The upper chamber was still the habitat of famous men. Robert A. Taft, beaten by Eisenhower at the convention but imperishably “Mr. Republican” on Capitol Hill, was majority leader of his party. Lyndon Johnson, of Texas, led the Democratic minority. Patriarchal Walter George and apple-cheeked Harry Byrd, who had both defied Franklin D. Roosevelt and got away with it, symbolized the durable strength of the old South. Veteran New Dealers like Herbert Lehman, of New York, and Lister Hill, of Alabama, still carried on the liberal tradition. The radical right was fully represented by a score of Republicans; one of its spokesmen was a man named McCarthy, who, under the inverted logic of senatorial politics, held the seat once held by Bob La Follette, of Wisconsin.

Entering the Senate meant associating with such men; it meant, also, access to the wider, more sophisticated world to which the Senate was a direct route. This was the world of Cabinet members and Supreme Court justices, of foreign envoys and high State Department officials, of potentates of business and labor, of noted journalists like the Alsop brothers, Marquis Childs, and James Reston. Kennedy had known such men through his father’s connections; now he was to rub shoulders with them almost daily, not as an ambassador’s son, but in his own right. Much has been made of the Senate as a poky, parochial place, but for some men it can also be a broadening and liberating institution.

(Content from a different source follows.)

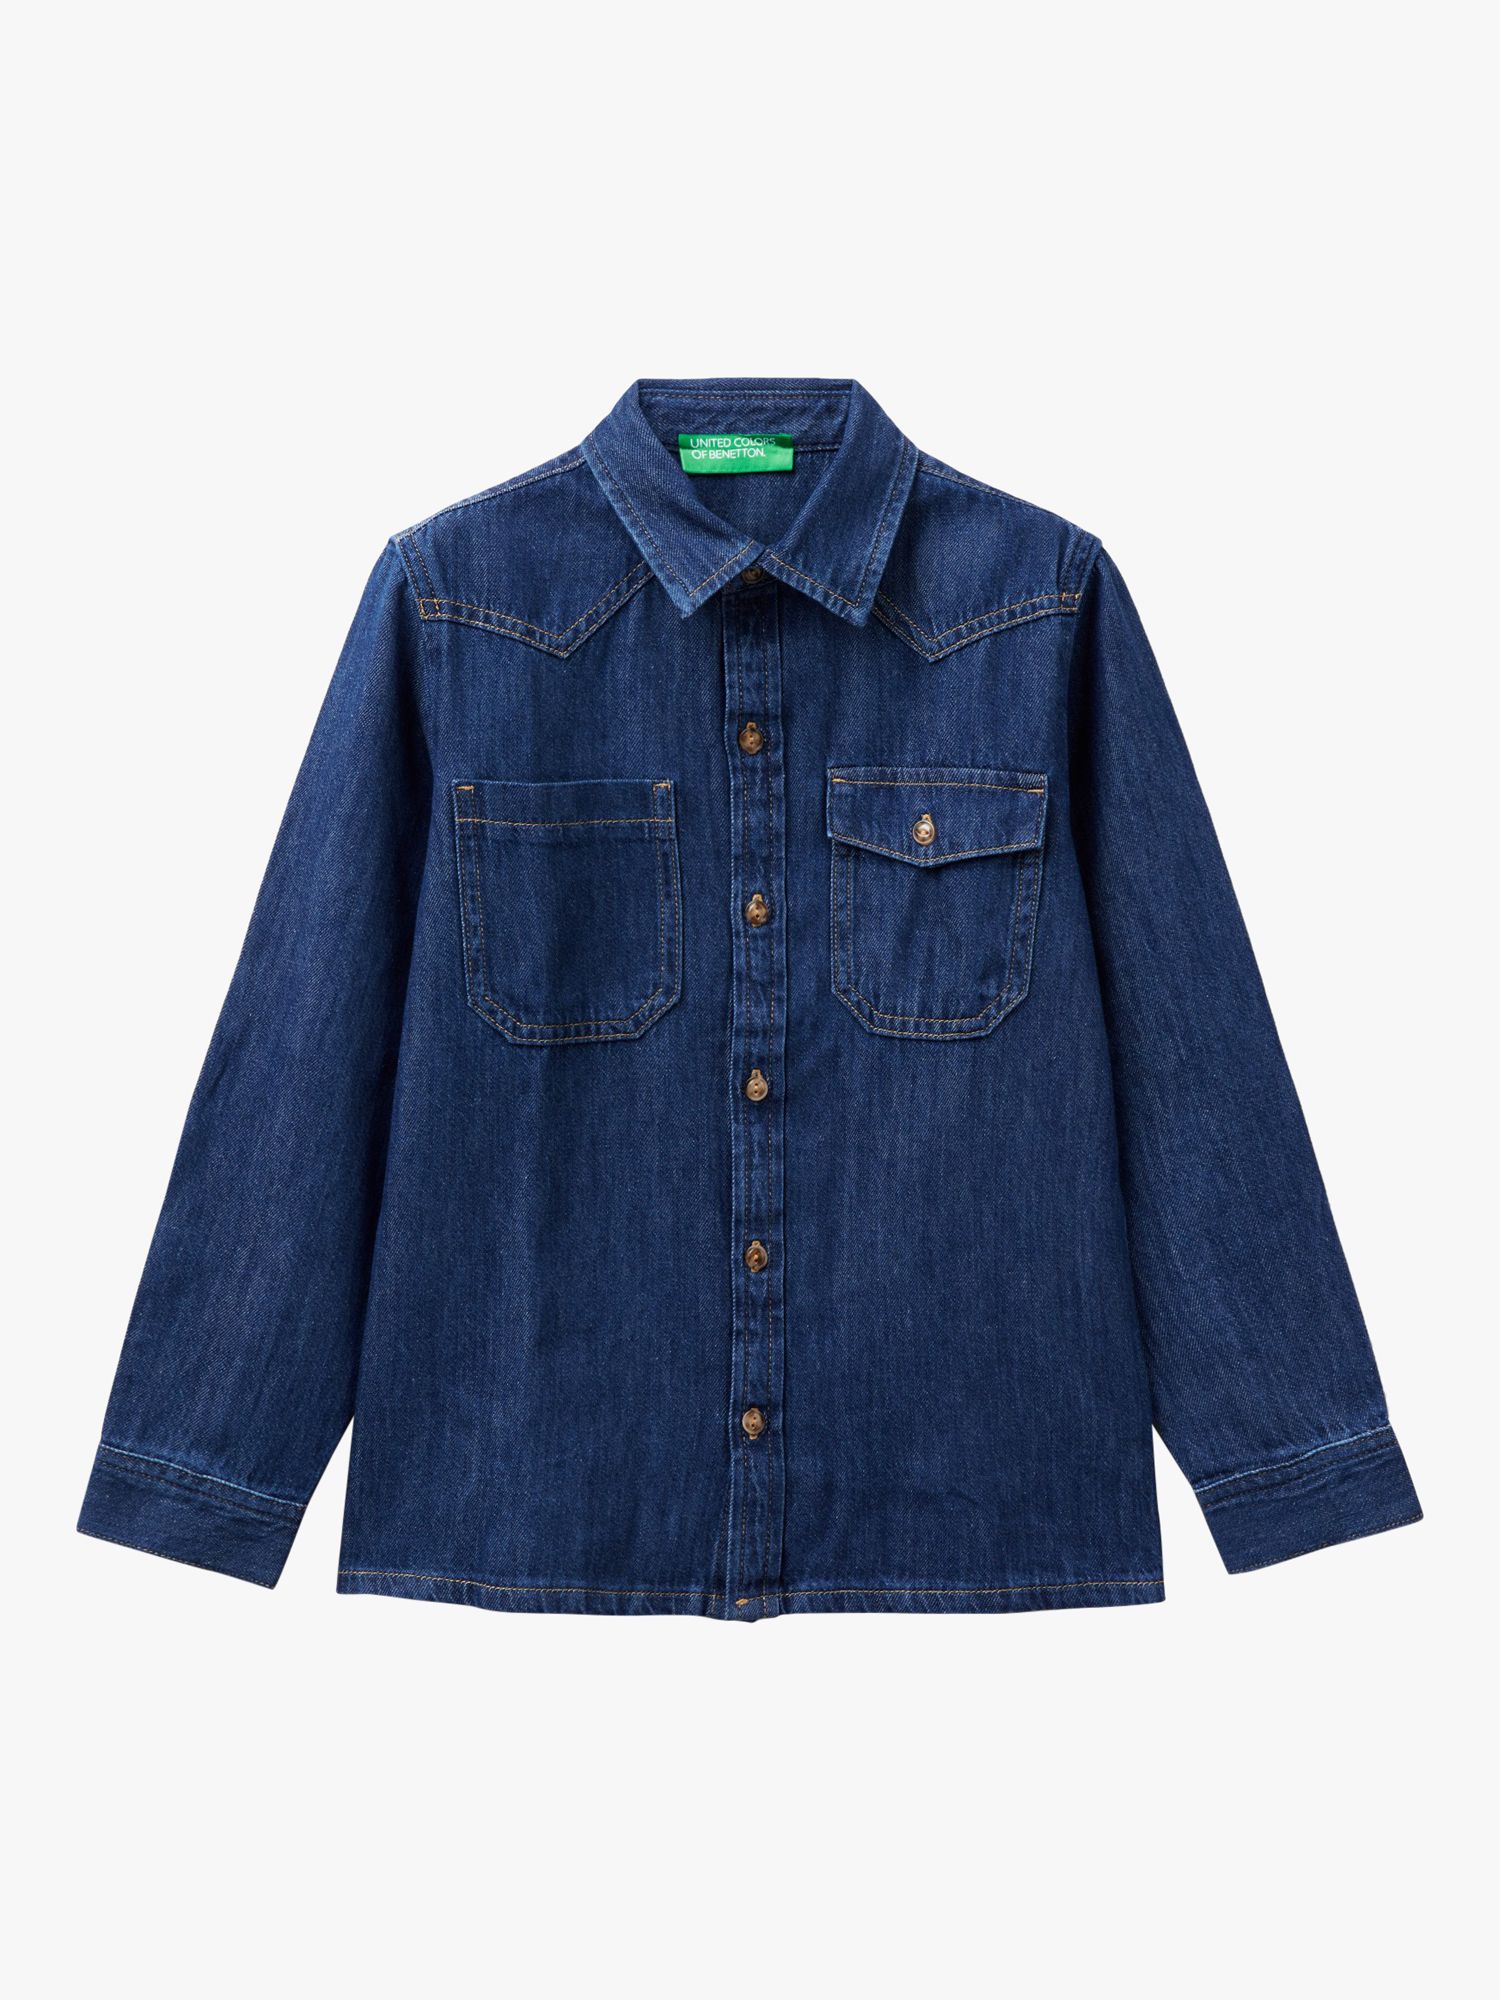 Benetton Kids' Classic Denim Long Sleeve Shirt, Medium Blue, 8-9 years

On January 3, 1953, Kennedy marched down to the well of the Senate on the arm of his senior colleague from Massachusetts, Leverett Saltonstall, and took the oath of office. Then he took his seat in the rear row behind the Democratic phalanx. On his right sat the eloquent, mettlesome young Senator from Minnesota, Hubert Humphrey, now beginning his fifth year in the Senate; just in front was the liberal statesman Paul H. Douglas, of Illinois. Over the heads of the rows of Democratic senators, Kennedy could see the dark, heavy jowls of the new President of the Senate, Richard M. Nixon. Seventeen days later, Dwight D. Eisenhower was inaugurated President of the United States.

The Open Door

Duly sworn a United States senator, Kennedy returned to the suite of four rooms that had been assigned to him on the third floor of the Senate Office Building. This office, which would be his official home for at least eight years and from which he would launch his presidential campaign, was already beginning to reflect the Kennedy personality. The middle room, where visitors entered, was jam-packed with desks, filing cabinets, and three chairs for visitors. The room led on the left to two small offices, one occupied by Ted Reardon, now the Senator’s administrative assistant; on the right was the Senator’s own roomy office.

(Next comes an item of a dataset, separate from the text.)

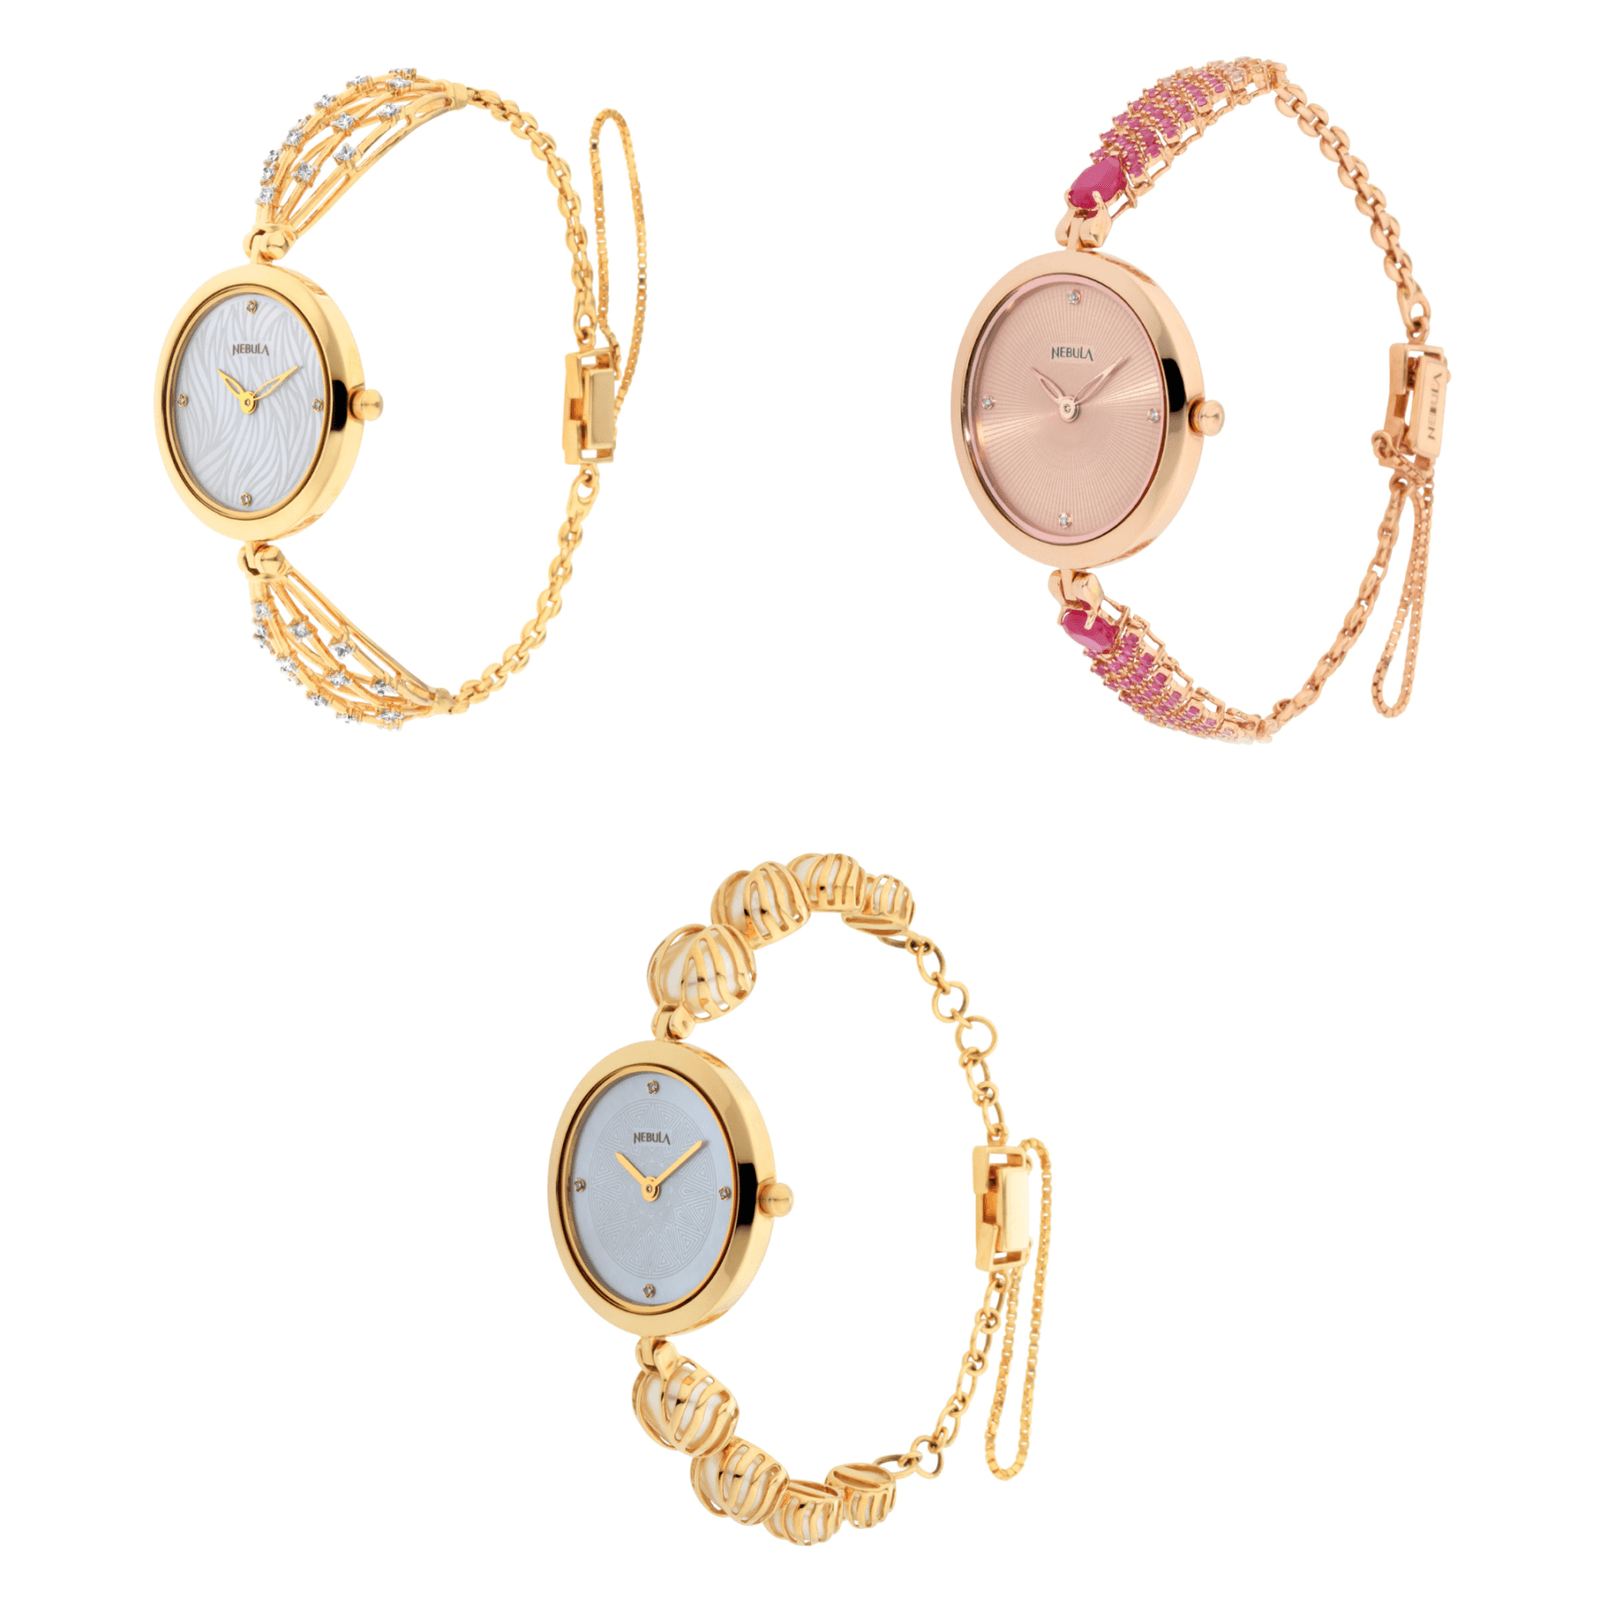 The trio of timepieces in Nebula’s Ashvi collection

From the beginning, Kennedy ordered that the door to the middle room always be kept open. The open door was symbolic. The young Senator knew well that American legislators are tested more on the basis of their diligence in doing a host of little favors than for the part they play in actual lawmaking. In any case, the role of a freshman senator in legislating for the whole nation is sharply limited. Kennedy drew one good committee assignment—Labor and Public Welfare—but, despite his six years on the House Labor Committee, he now had to start all over again at the bottom of the ladder behind five other Democrats and seven Republicans. His other committee assignment—Government Operations—for a time would have little to do with legislation, since its chairman was Joseph R. McCarthy, of Wisconsin, the Senate’s investigator in chief.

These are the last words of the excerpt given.